Nonetheless, the analysis has to be more careful than what the Oregon opinion offers, precisely because the precedents on whether “the government may … condition entitlement to public benefits, whether gratuitous or not, upon the waiver of constitutional rights that the government could not abridge by direct action” are so mixed.
For citations to some of the sources mentioned above, see my Implementing the Right to Keep and Bear Arms article, pp. 1529-33.
Here, by the way, is an excerpt from the Complaint, which tells a pretty compelling story:
[2.] Plaintiff N. DOE, filing anonymously, is a resident of Auburn Terrace, a public housing facility in East St. Louis, Illinois, administered by the East St. Louis Housing Authority. She is a customer service representative for a medical supply distributor, who due to health issues of her family and herself, became in need of governmental assistance in the form of subsidized housing. She has a valid Illinois FOID card, and has trained and educated in the safe use of firearms. She wishes to possess a handgun in her residence for self-defense, and did at one point, but has been forced to refrain from doing so due to the threat of losing her subsidized housing. At the present time, she resides with her two teenage children in her residence….
[6.] N. DOE has an ex-husband who was incarcerated for murder. He was released on probation, and during that time was violently abusive to N. DOE on multiple occasions, including choking her to unconsciousness, and beating her so badly that she had internal bleeding. He threatened, on multiple occasions, to kill N. DOE and her two children if she ended her relationship with him. As a result of this violence, he was returned to prison with his probation revoked. He has since been released, and N. DOE has recently received word that he is still “very angry” with her and is looking for her.

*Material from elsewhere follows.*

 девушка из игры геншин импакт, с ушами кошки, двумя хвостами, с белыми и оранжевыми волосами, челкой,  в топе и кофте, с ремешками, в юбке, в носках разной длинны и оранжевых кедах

[7.] Further, in January, 2017, N. DOE was beaten and raped in her home by a family acquaintance, who decided that since N. DOE was suffering from a hand injury, that she was unable to fight back. During the rape, N. DOE was able to call for help from her children, who stopped the attack by threatening to brandish the firearm, that at the time was in the residence, at the attacker and getting the attacker to leave N. DOE’s residence.

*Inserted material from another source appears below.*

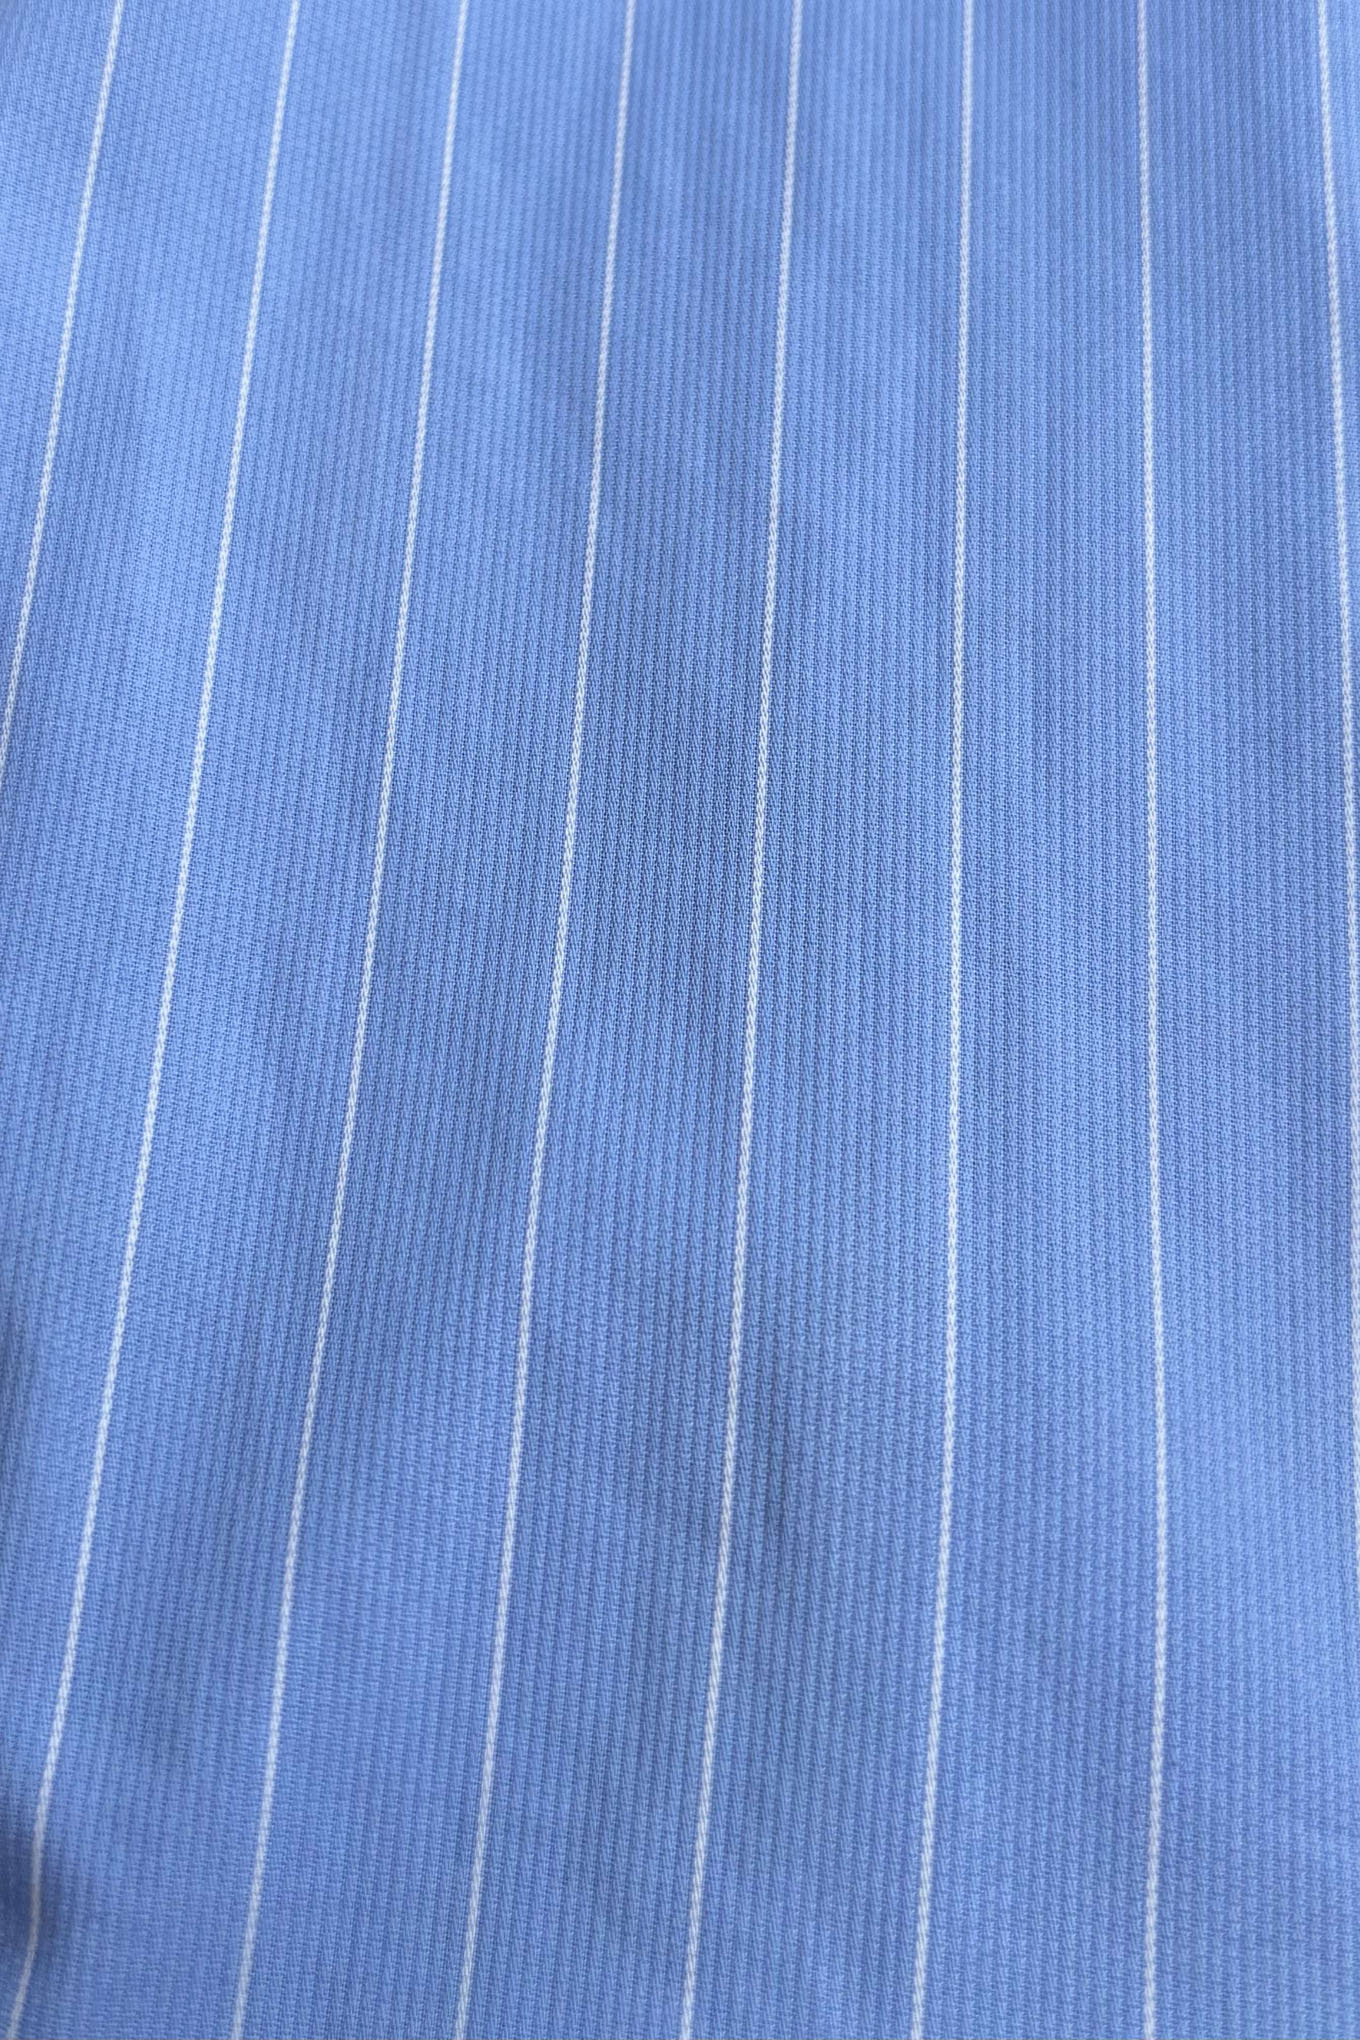 Blue Striped Shirt & Skater Skort Set
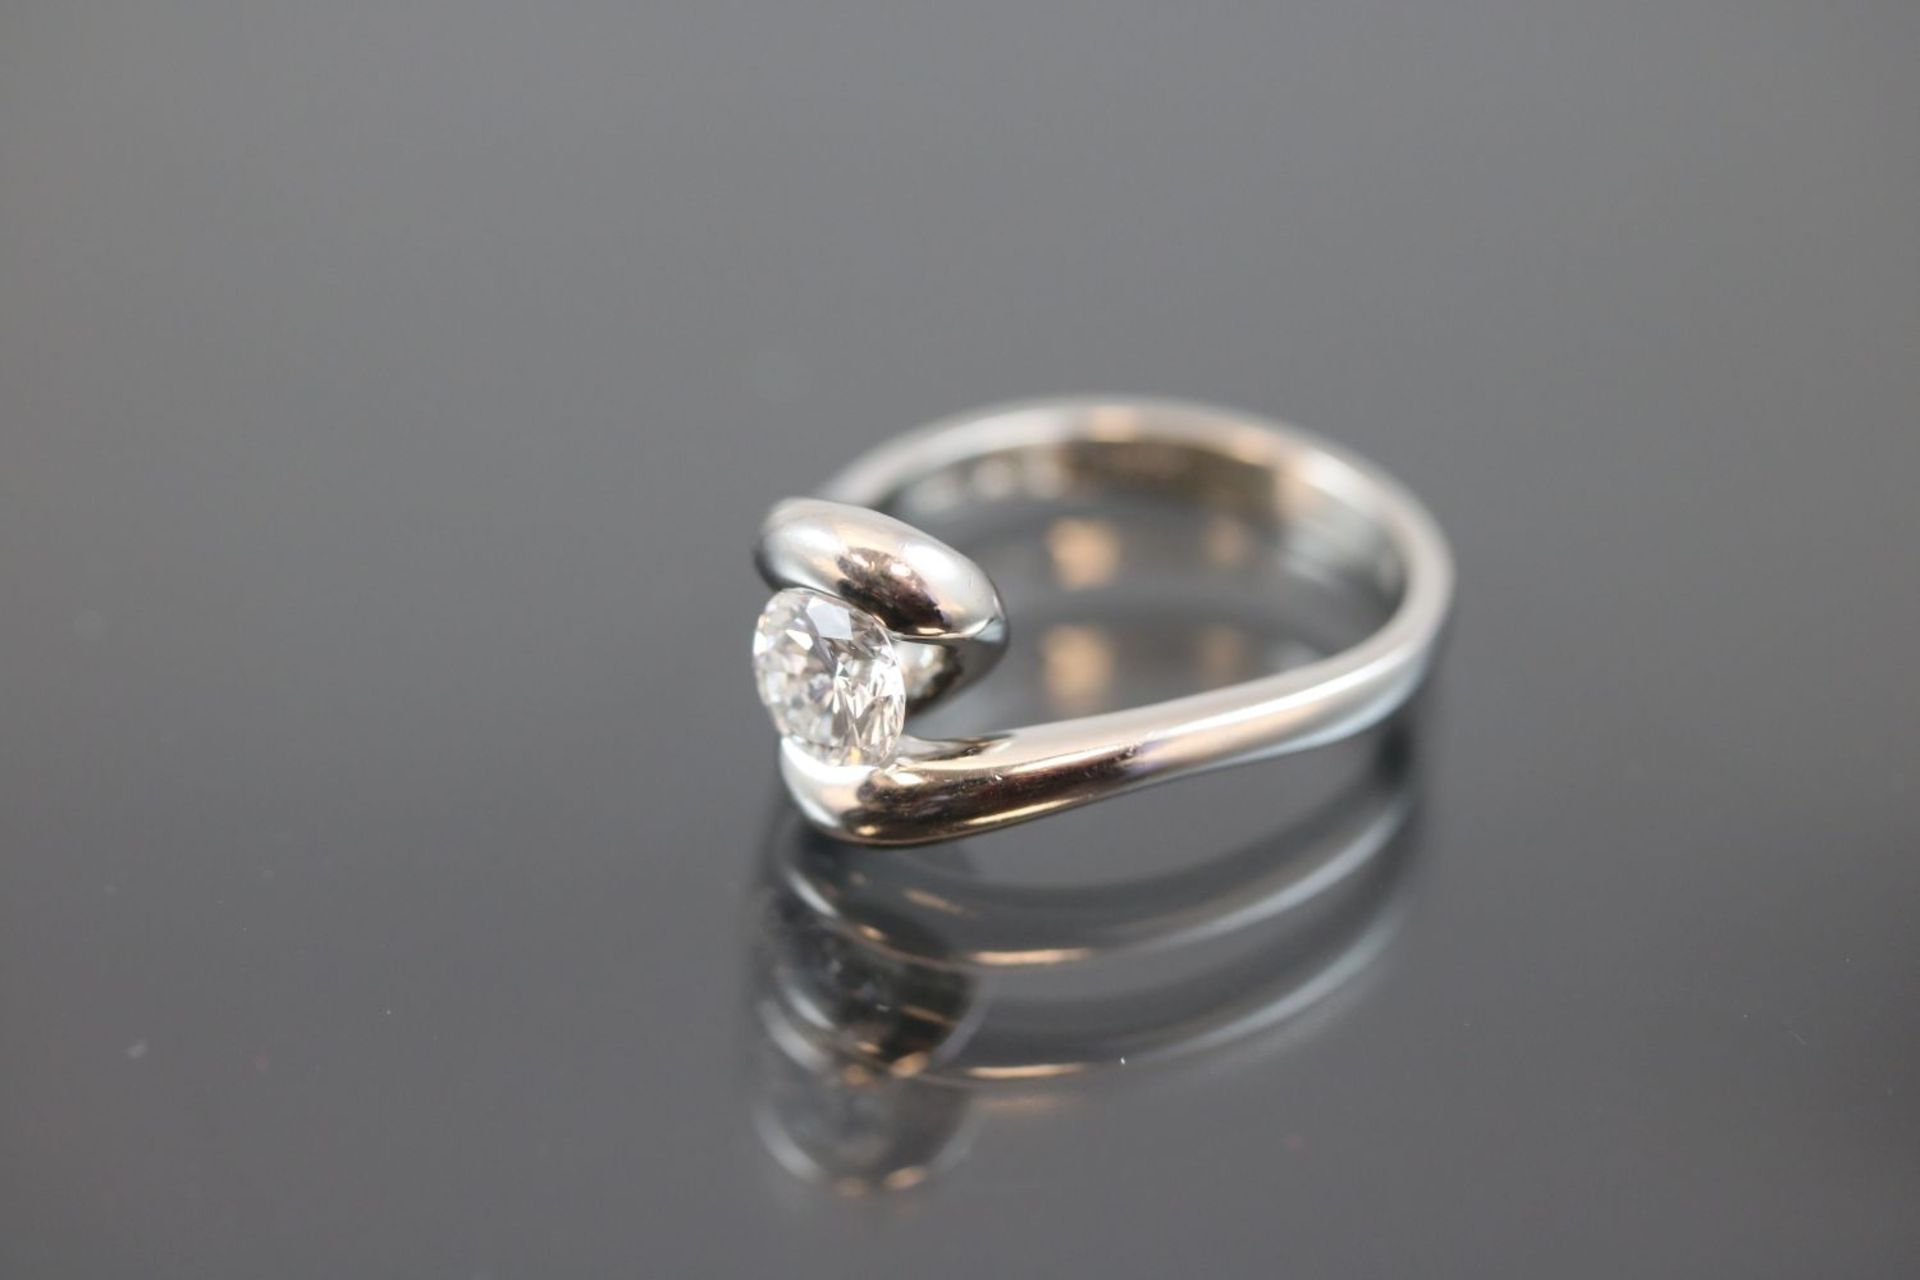 Brillant-Ring, 950 Platin7,6 Gramm 1 Brillant, 0,837 ct., feines weiß/lupenrein. Ringgröße: 52Mit - Bild 3 aus 3

[8.] On two occasions, N. DOE has to call the police due to shootings in nearby residences. Shootings are common enough to be called routine in the subject ESLHA property….
[17.] Section IX.(p) of the ESLHA Lease, entitled “RESIDENT’S OBLIGATIONS,” requires that N. DOE is “[n]ot to display, use, or possess or allow members of [DOE’s] household or guests to display, use, or possess any firearms, (operable or inoperable) … anywhere in the unit or elsewhere on the property of the Authority.”
[18.] Section XI.E. of the ESLHA Lease, entitled “SPECIAL INSPECTIONS,” states that “ESLHA staff may conduct a special inspection for any of the following reasons: … Suspected lease violation.”